Monday, January 31, 2005

What's the matter with the market?

If you ever took Econ 101, and even if you didn't, you may be aware that economists believe that markets work. What this means is not that markets are always and everywhere perfect, but that with a few exceptions (called "market failures") markets successfully sum up the judgements of individual consumers with respect to the value of what producers produce. Changes in market prices therefore reflect consumer judgements about the usefulness (or desireability) of various products: for instance, if consumers prefer ballpoint pen A to ballpoint pen B, then consumers will buy more of pen A, and its price will rise relative to pen B's. This change in price has the happy consequence of increasing the income of pen A's producers, providing them with both the means and the incentive to produce more of pen A. Notably, this same price change has exactly the opposite effect on the producers of pen B, constraining both their ability and their desire to produce more of pen B. And what's true for ballpoint pens is true for everything (or nearly everything); markets turn the disaggregated preferences of consumers into a signal/resource amalgam that indicates what producers should produce, provides them with the resources to produce it, and rewards them for doing so. Hence, economists are very skeptical about any assertion that we would all benefit from conducting fewer or our affairs through market interactions. They are also a bit gullible when assessing the prospects for conducting more of our affairs through market interactions. Many have trouble seeing much of any downside; they are true believers in the invisible hand.

The trouble is, markets don't seem to work when you consider sports. Prices for the services of professional athletes are often demonstrably out of whack with the contribution such athletes are likely to make to their teams (the ostensible consumers). And what exactly are professional athletes supposed to be contributing, anyway? Are they employed to help win games and championships, or are they mere cogs in a commercial machine oriented toward fattening the bottom line? It does no good to assert that professional athletes are meant to do both, because the two are fundamentally distinct: you can make money without winning games (or so goes the lament of the Cubs' fans), and you can win a championship and still lose money (at least according to Wayne Huizinga). What goes for athletes salaries (the price of their services), goes for those of coaches and excecutives as well. In sports, there is a clear, well established, easy to observe, universally accepted measure of value (winning), and there is also a system of prices that seems to have precious little to do with this system of value.

But that's not all: as Bill James rightly argued, this system of prices is parasitic upon this system of value. Who would want to watch professional sports who does not believe that the athletes are sincerely devoted to winning games?
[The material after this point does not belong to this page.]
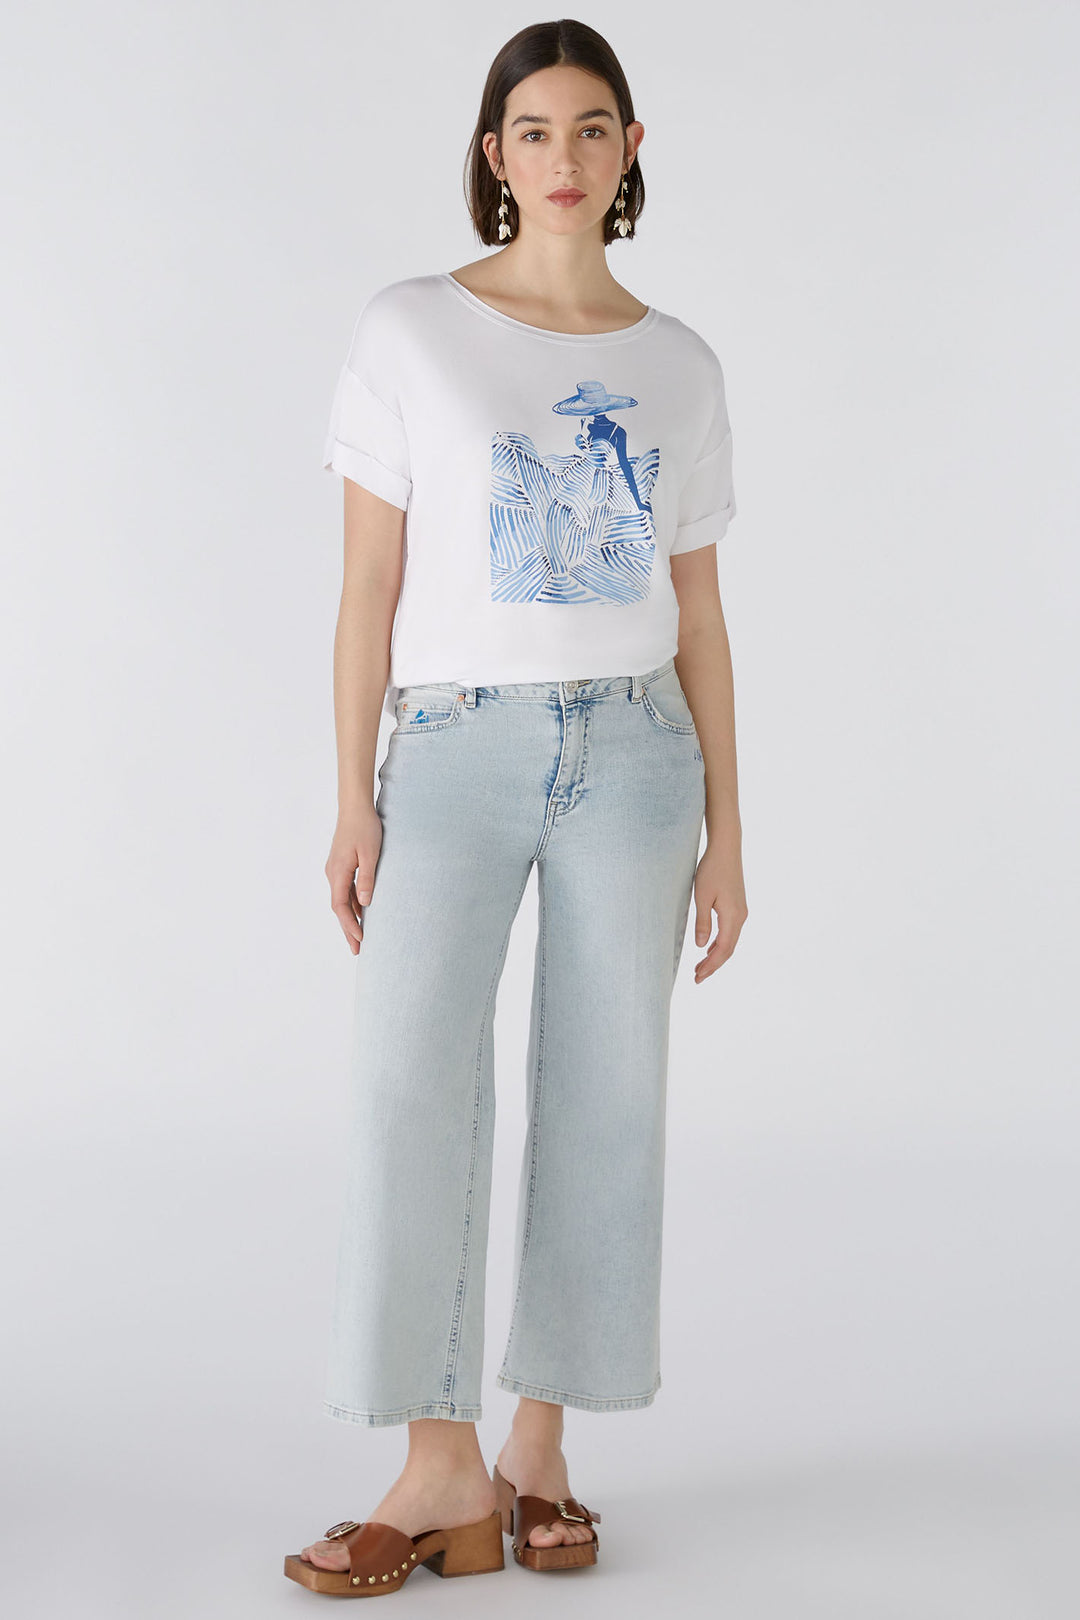 Oui 87384 Optic White Blue Fashionista Motif T-Shirt - Olivia Grace Fashion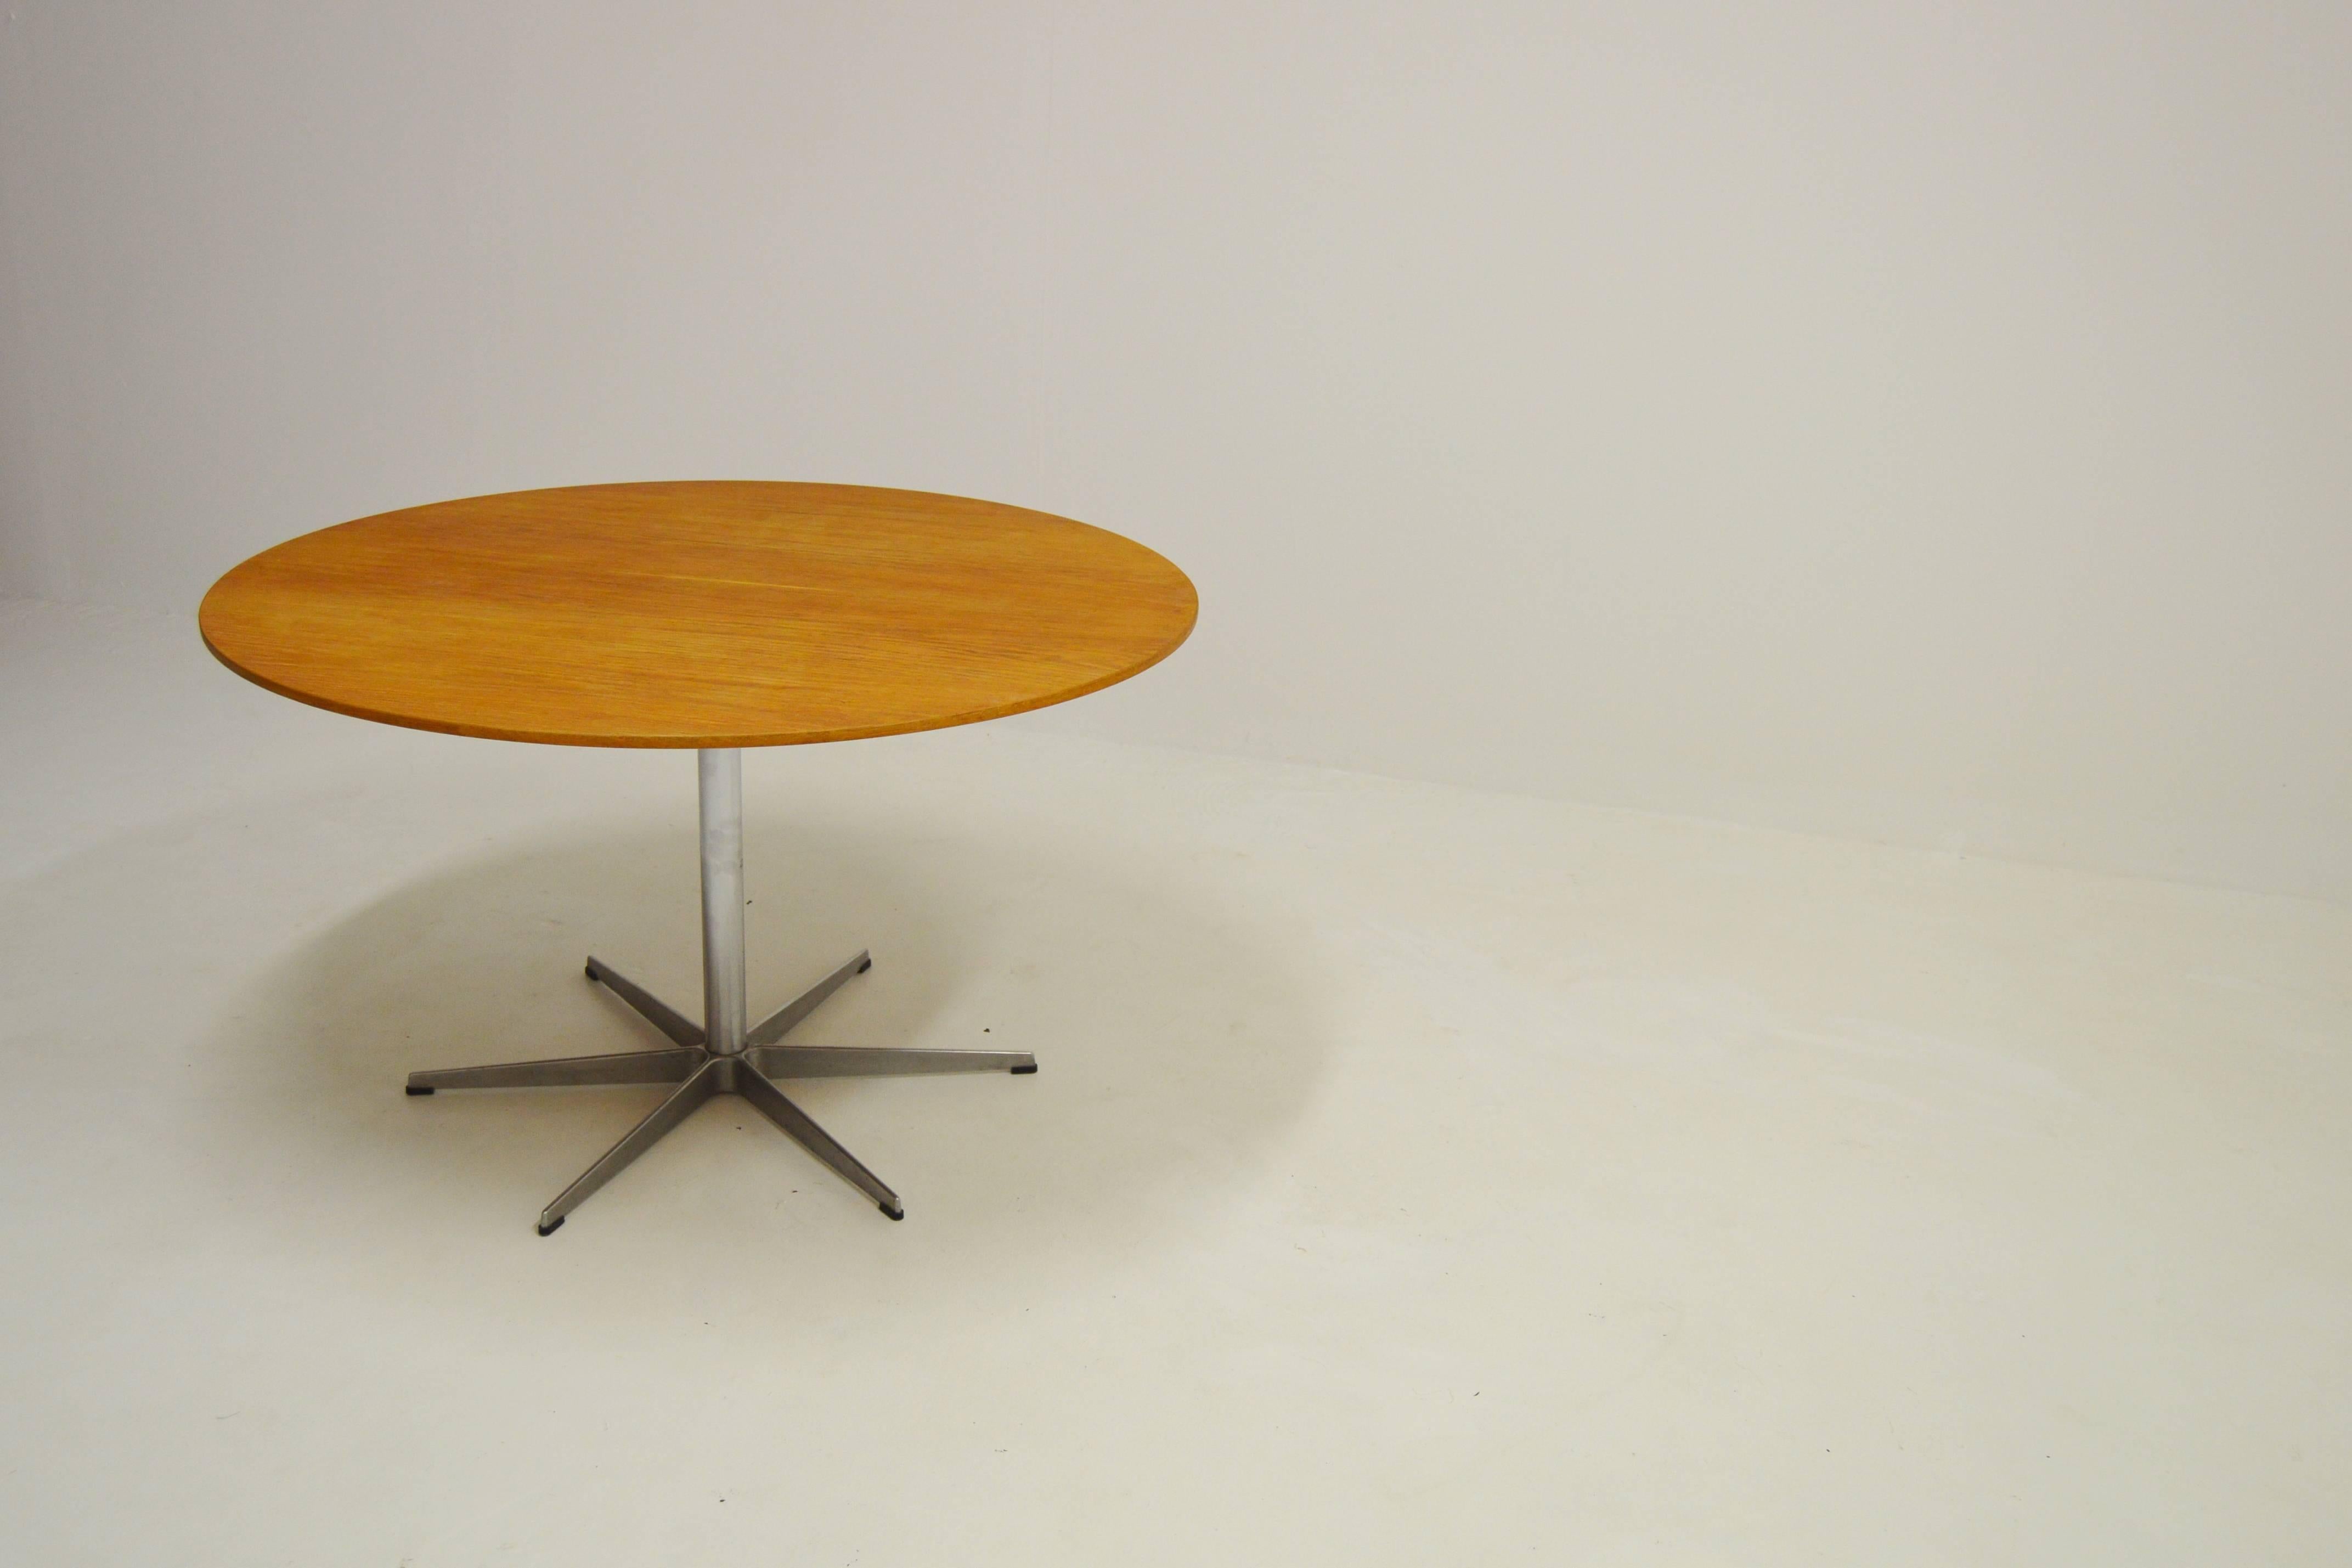 A825 Circular Oak Six Star Table by Arne Jacobsen for Fritz Hansen In Good Condition For Sale In Alvesta, SE

Conversely, many are earger to watch the sincere efforts of amatuer athletes. The system of prices in sports, and the businesses which are based on it, need the sporting interest. The sporting interest doesn't need any prices. Moreover, the price system always threatens to undermine the value system, to spread cynicism and even encourage outright corruption, and to thereby (ironically) undermine itself. In sports, the invisible hand finds no home.

Why should this be? What makes sports different from ballpoint pens? One possibility would be "market failure." Usually, economists use this term to describe the exceptional circumstance where certain goods either are not or cannot be priced. For instance, there are unpriced externatlities, like pollution, that result because some goods (like clean air) are not traded on markets. Our desire for clean air does not register with the broader system of markets, and so the invisible hand cannot guide producers to fulfill this desire. But given the fact that seemingly everything about sports has a price attached to it, including bonuses for actually winning championships, market failure does not seem a likely explanation. Indeed, so plentiful are the prices, and so readily available all seemingly relavent information (like, say statistics), its would be easy to conclude that sports markets should be highly efficient. The disconnect in sports between price and value thus seems all the more embarassing. But perhaps the problem isn't sports at all; maybe there's something the matter with the market.

This blog is about sports and its about bread. I'll give my two cents on players, teams, scandals, and the whole amazing and inane world of today's American sports - a far more powerful circus than anything the Romans came up with. It's also about bread, about money, about how we organize our collective life, and about the bizzare and mystifing ways we describe this collective life to ourselves. The distinction (and potential conflict) between value and price, so easy to see in sports, is hardly limited to sporting pursuits. If you've taken Economics, think of this as a different take on what game theory can be.